Mr. MILLER. You are going to file those?
Mr. DREWRY. I have already circulated them, Mr. Miller.

Mr. MORGAN. I have one copy in my pocket. This is what it looks like.



[From Shipping Survey, vol. 4, No. 4, April 1948, Association of American Ship Owners, New York 4, N. Y.]

OUR NATIONAL INVESTMENT IN THE PANAMA CANAL The Panama Canal Act of 1937 authorizes the President to set tolls at a rate not to exceed $1 per ton for laden ships and at a lesser rate for ships in ballast. Shortly after the enactment of the legislation, the rate was set at 90 cents per ton for laden ships.

On February 24, 1948, the House Committee on Appropriations recommended that toll charges should be increased to the statutory maximum. Shortly thereafter, the President proclaimed an increase in the laden rate to $1 per ton to become effective in October. Then, on April 23, 1948, the Senate Committee on Appropriations, after long and careful study, urged a review of the President's proclamation "*

especially in the light of the adverse effect such an increase will have on American shipping.”

From the prominence given commercial tolls in the reports of the Canal's Governor one might infer that the Canal was built and has been operated for the major purpose of aiding commercial shipping. Nothing could be further from the truth. An examination of political developments at the turn of the century will convince any objective observer that the motives behind the Canal project were essentially military and political. Since that time the Canal has bestowed substantial military benefits upon the American people. Any system of accounts which charges practically the full operating cost of the Canal against commercial tolls is bound to give a distorted reflection of the Canal's true operating position.

To increase tolls at this juncture would impose an added burden on our critically pressed intercoastal industry. A good case can be made for the forgiveness of all intercoastal tolls and a reduction of the laden rate on other commercial vessels to 54 cents per ton. Certainly there is no justification for an increase in tolls.


At the close of the nineteenth century the foreign policy of the United States took a new turn. What had been a narrow continental policy, or at most a Western Hemisphere policy, suddenly blossomed into a two ocean policy limited only by the Asiatic shores of the Pacific. The acquisition of Hawaii, Guam, Tutuila, and the Philippines brought us closer to world empire than we had ever been before, or than many Americans were disposed to approve.

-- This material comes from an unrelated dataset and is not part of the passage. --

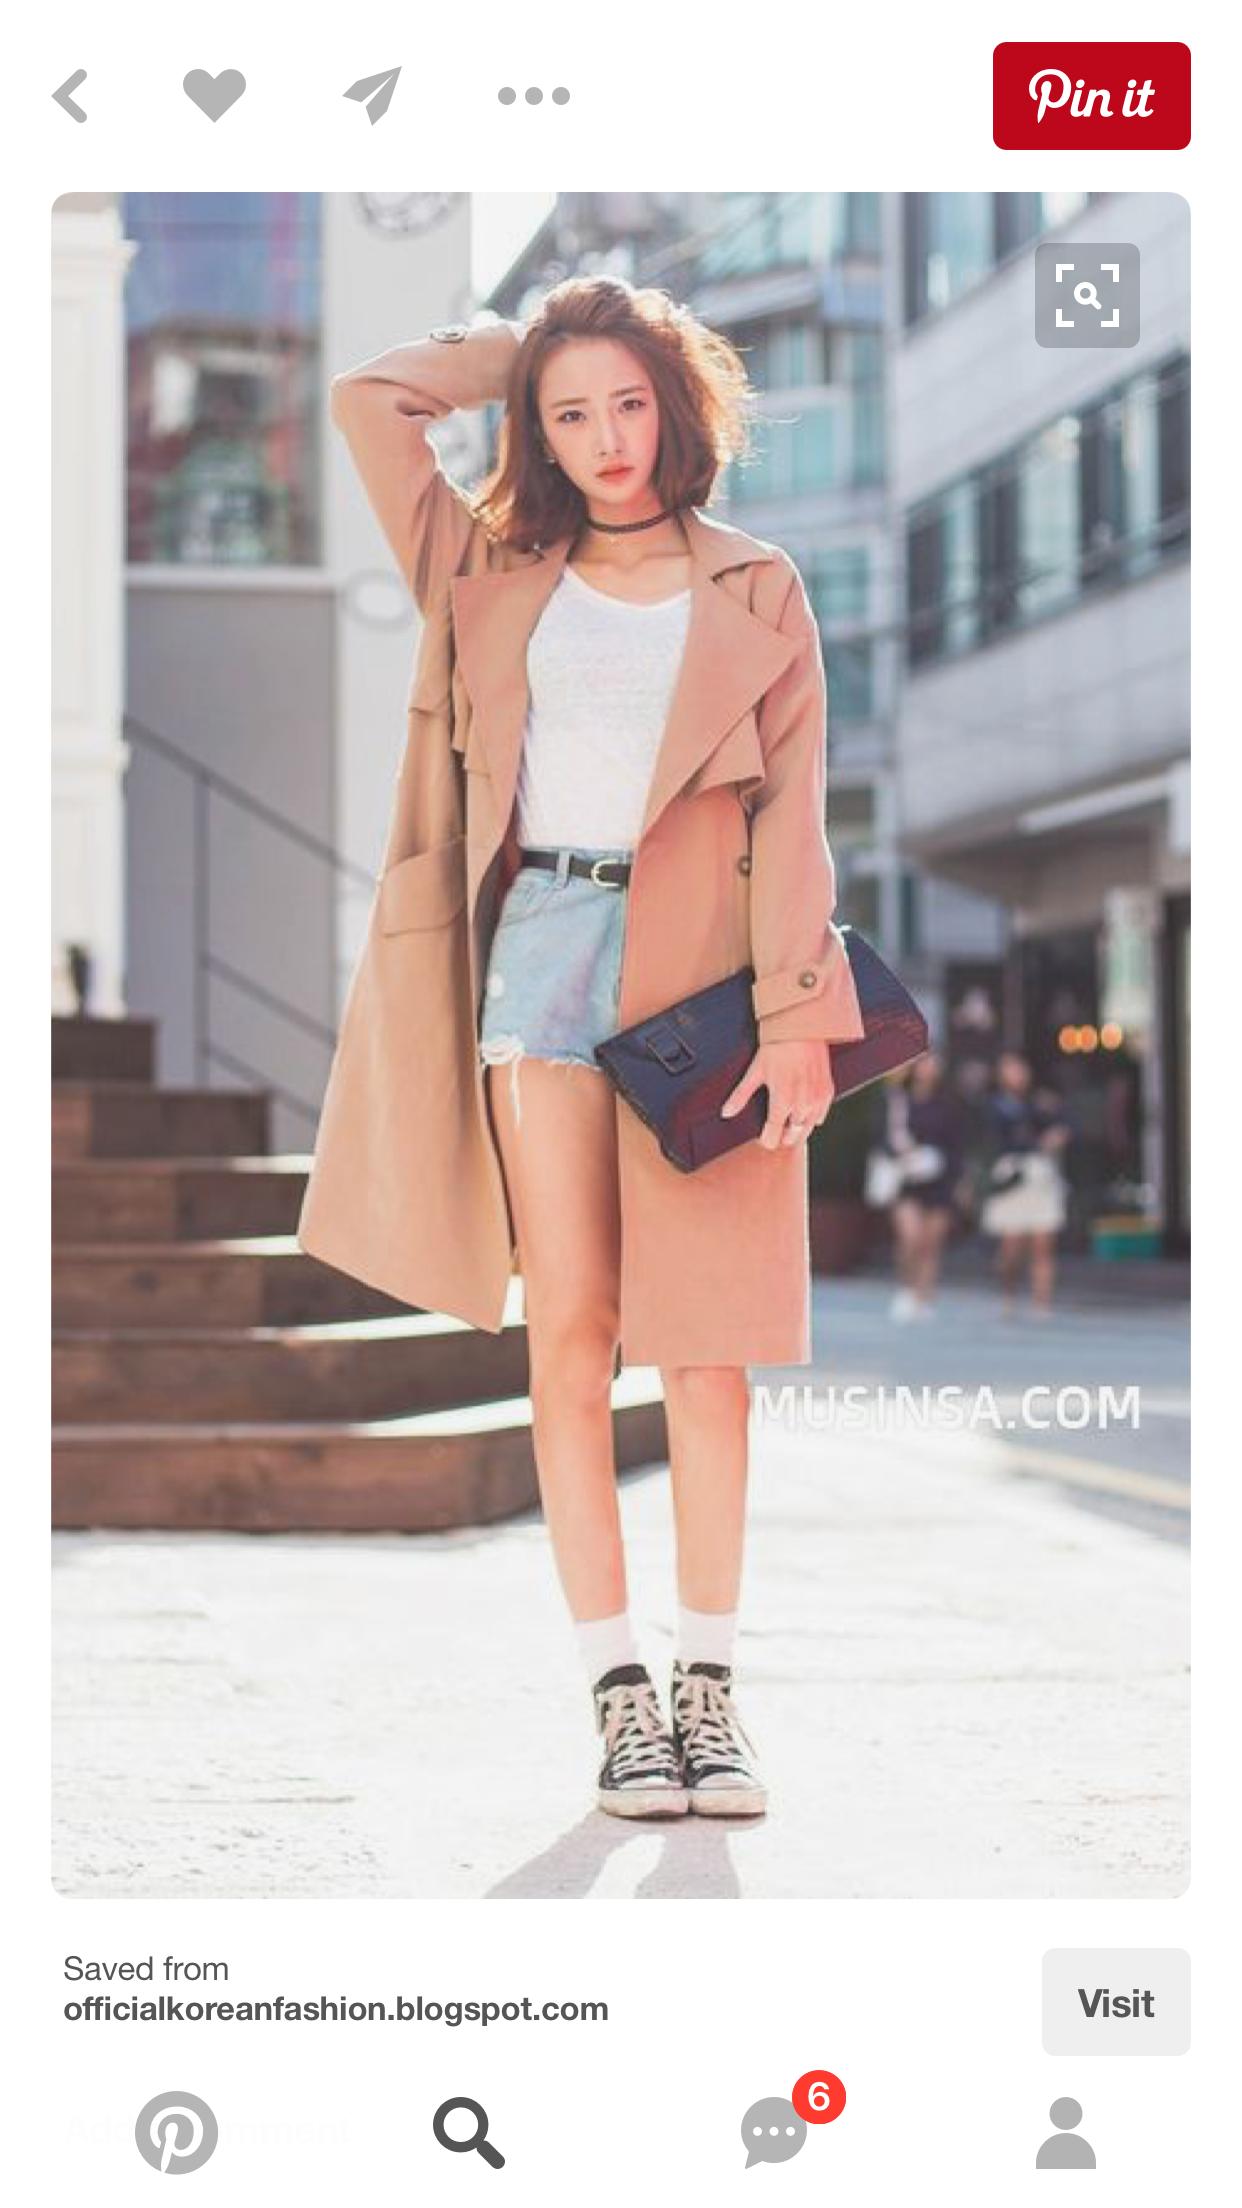 Korean fashion blog tumblr 69
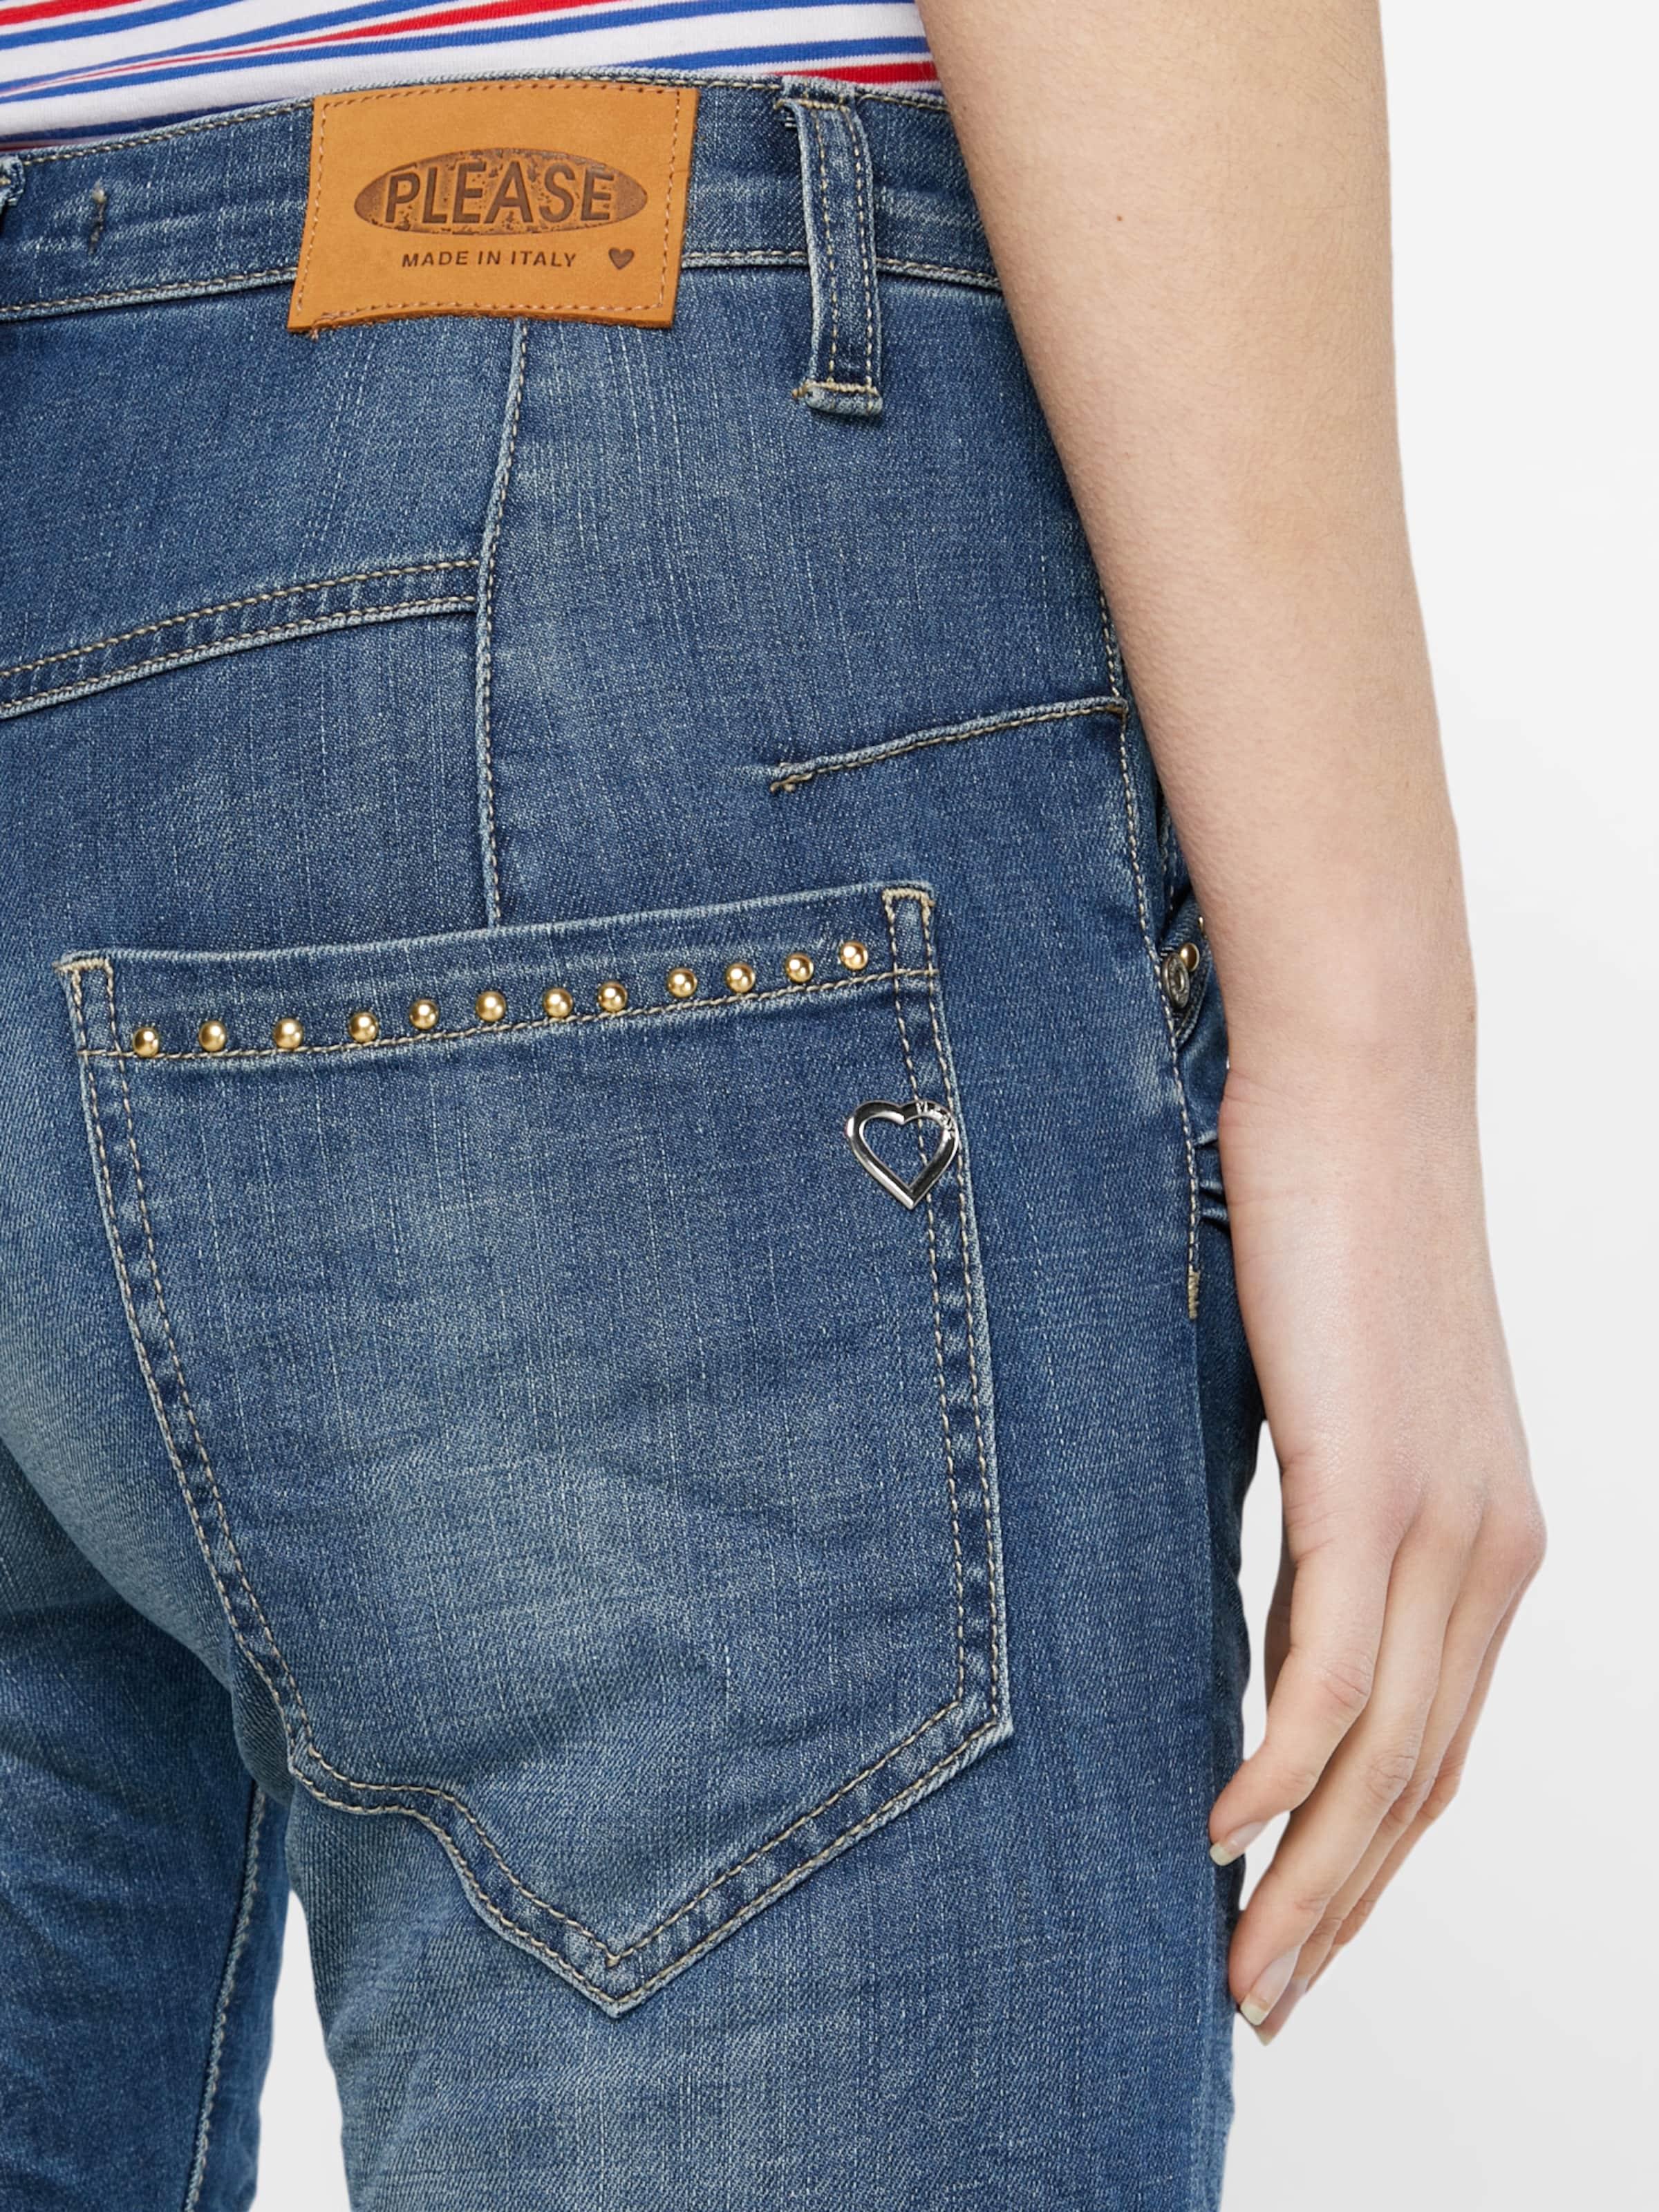 PLEASE Loosefit Jeans mit Crinkle-Effekt Billige Angebote Vorbestellung Outlet Top-Qualität Billig Verkauf Finden Große Günstiger Preis Großhandelspreis NGYw59Qu

The new policy was reflected in the literature of Admiral Mahan on the importance of sea power. The strength of the Mahan hypothesis lay not so much in its scientific basis as in the number of people who believed it. Overnight America became sold on a strong navy.

Peacetime naval appropriations crossed the $100,000,000 mark per annum for the first time at the turn of the century. Shortly thereafter Congress authorized the Wyoming and Arkansas, our first battleships of more than 25,000 tons. Work on the Panama Canal under American auspices was begun in 1903. These and other developments were all part and parcel of the Mahan hypothesis.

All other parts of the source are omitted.